As usual, there’s a disinformation campaign in progress from typically bent outlets. The Labour government
maintain that farms worth under £3m can still be passed on for nothing; that all farmers will still pay 50% less inheritance tax than anyone else; and that only a quarter of farms will be affected by the most stringent of the new measures. I don’t claim to understand the complexities of the situation faced by farmers, but I would urge them to beware their newfound fellow travellers.

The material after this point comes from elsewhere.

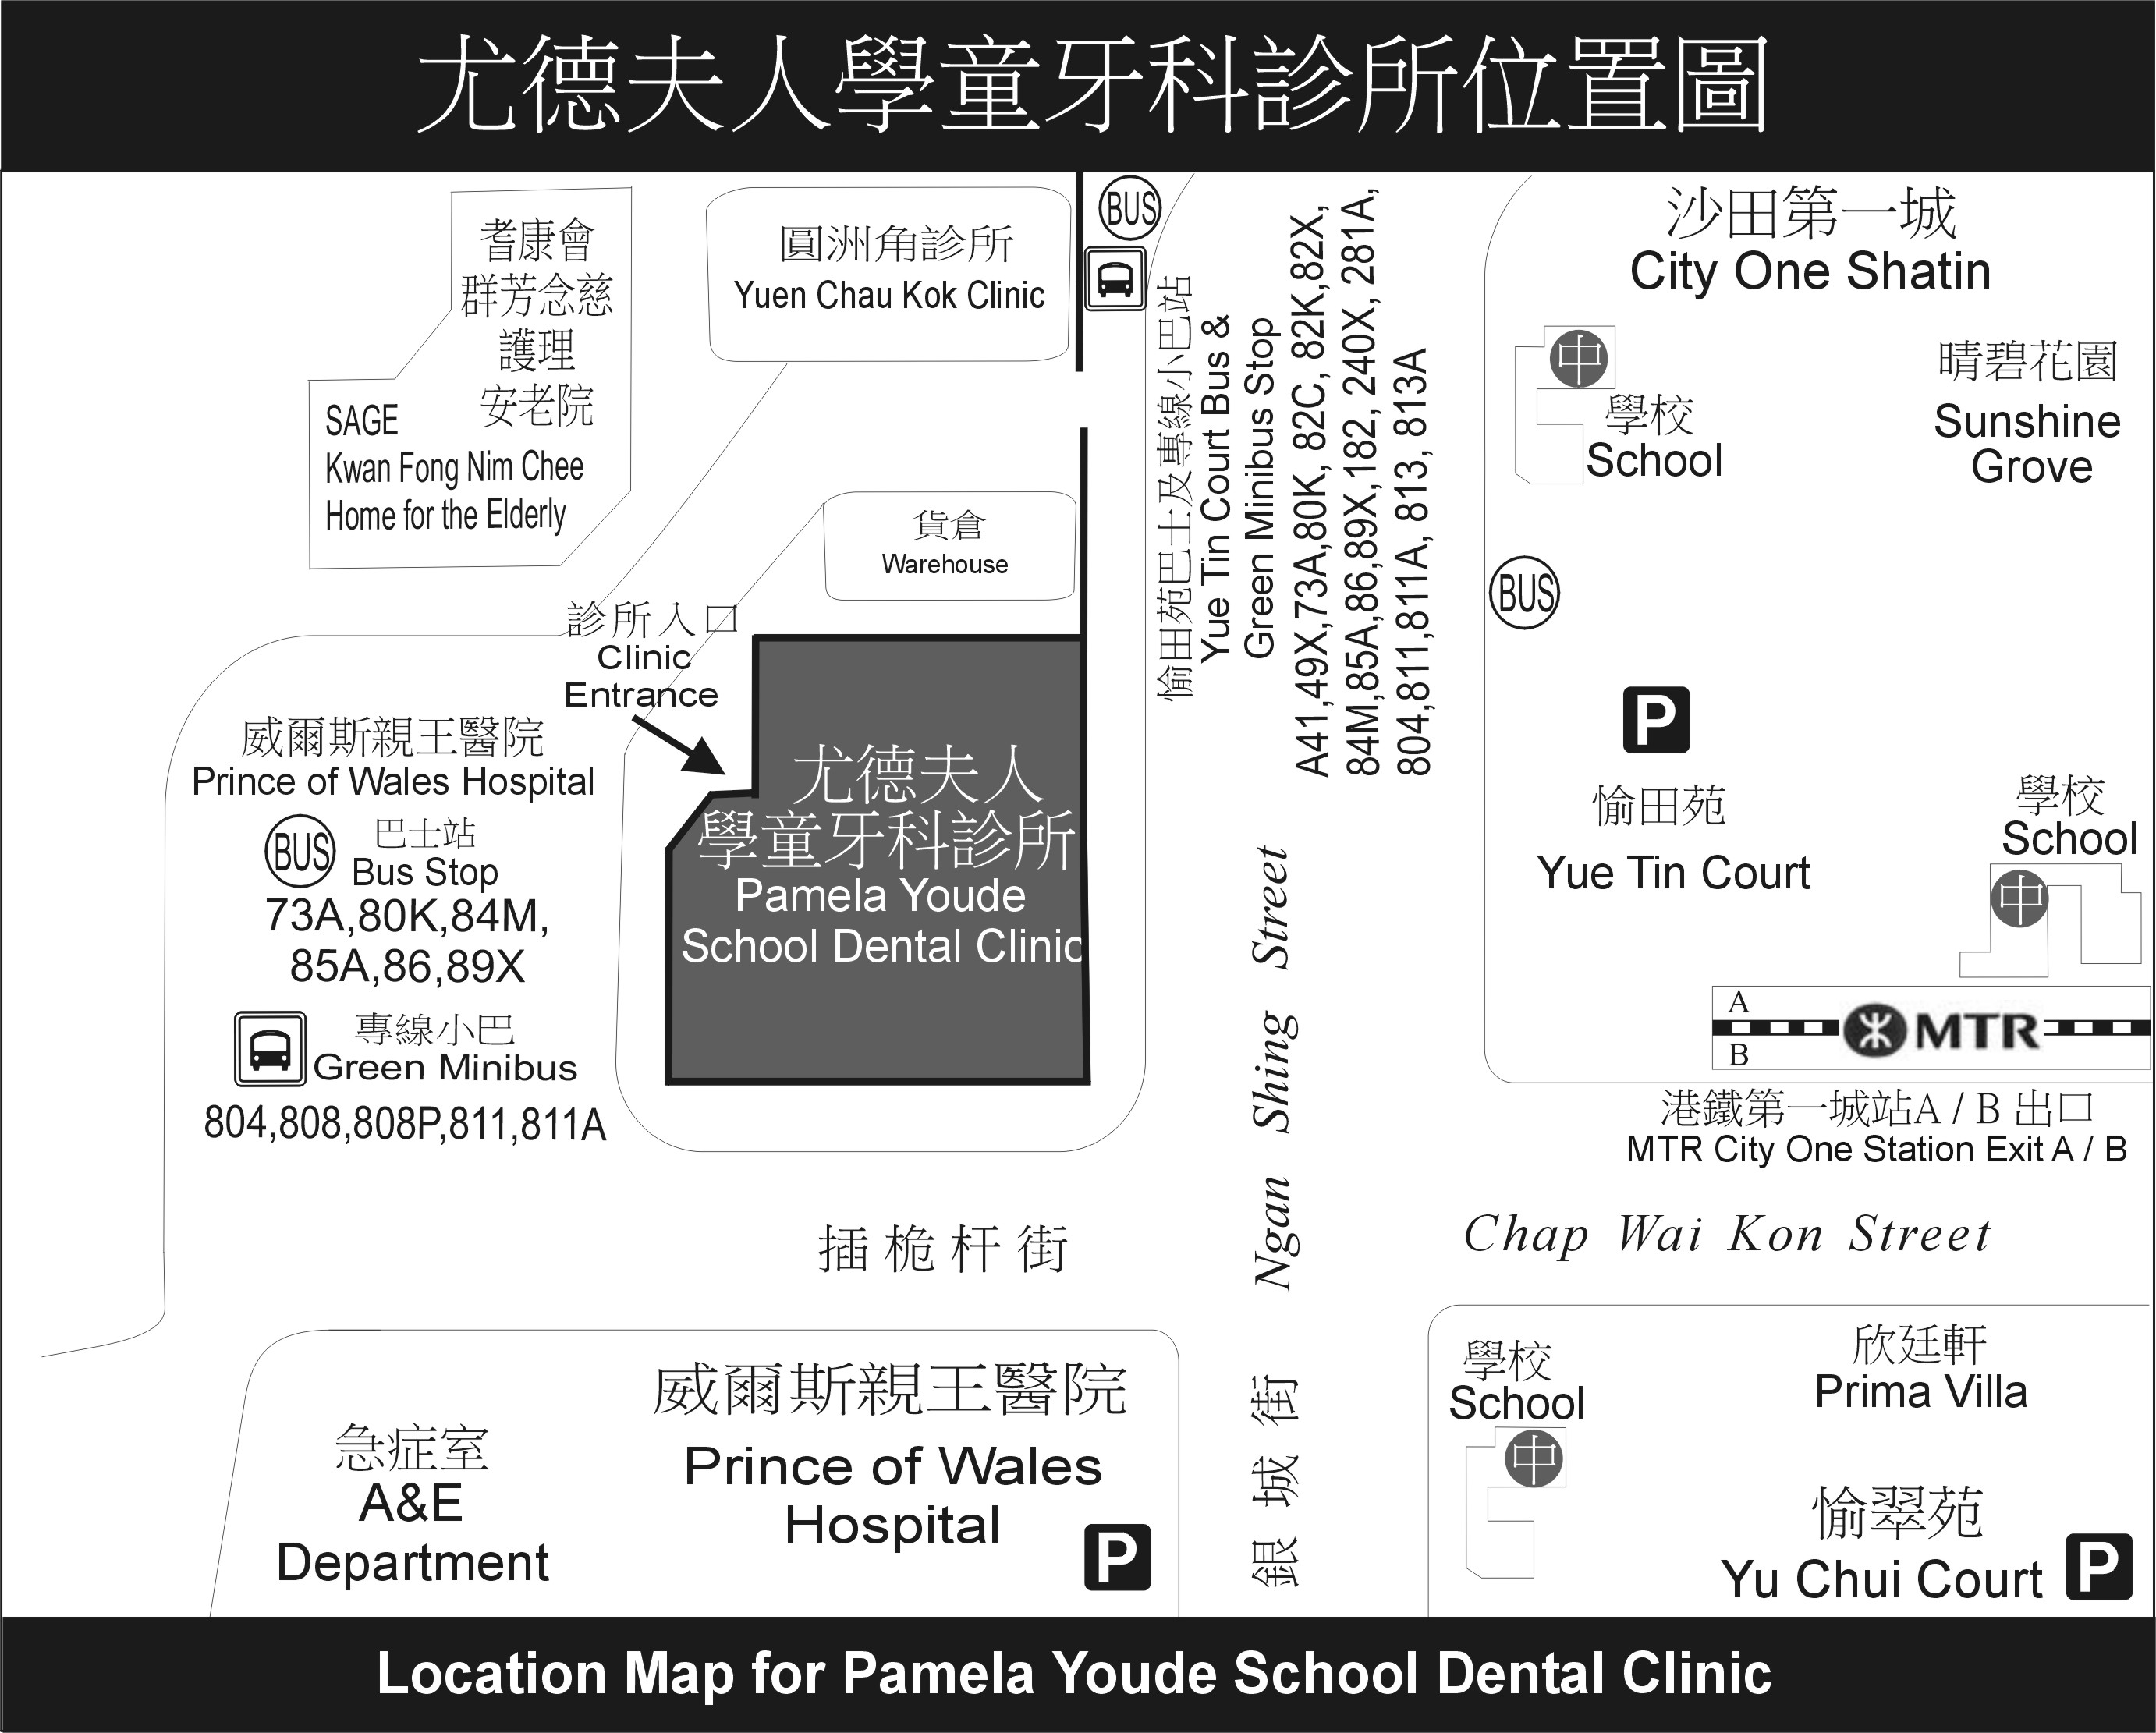 尤德夫人學童牙科診所位置圖相片。尤德夫人學童牙科診所位於新界沙田插桅杆街31-33號一字樓，附近有圓洲角診所和威爾斯親王醫院。

Just as wealthy backers encouraged disgruntled Brits to vote for Brexit against their own interests, there may be self-serving motives in play among the farmers’ fair-weather friends, protecting their vast wealth by piggybacking on to the farmers’ understandable anxieties.
Andrew Lloyd Webber, who reportedly flew home first class from New York in 2015 to vote in favour of George Osborne’s tax credit cuts for the most vulnerable in society, owns a 5,000-acre farm, where he fertilises fields full of saccharine melodies with buckets of his own homemade slurry; Viscount Rothermere, controlling shareholder of the
Daily Mail, owns a 4,700-acre farm that produces mainly bullshit; and the vacuum **** James Dyson, who backed Brexit and then moved his business to Singapore, apparently has 36,000 acres of farmland, British super-farms being an even better place to stash your vacuum cleaner cash than a lightly regulated, low tax, island city-state. With bellends like these, who needs frenemies?
Stewart Lee @ the Guardian
He goes on to eviscerate Clarkson's sanctimonious stand on behalf of small farmers...after the awkward moment at the rally last week when a Sky news reporter posed the same question on his purchase of Diddly Squat to avoid paying inheritance tax (and turning it into another reality tv show).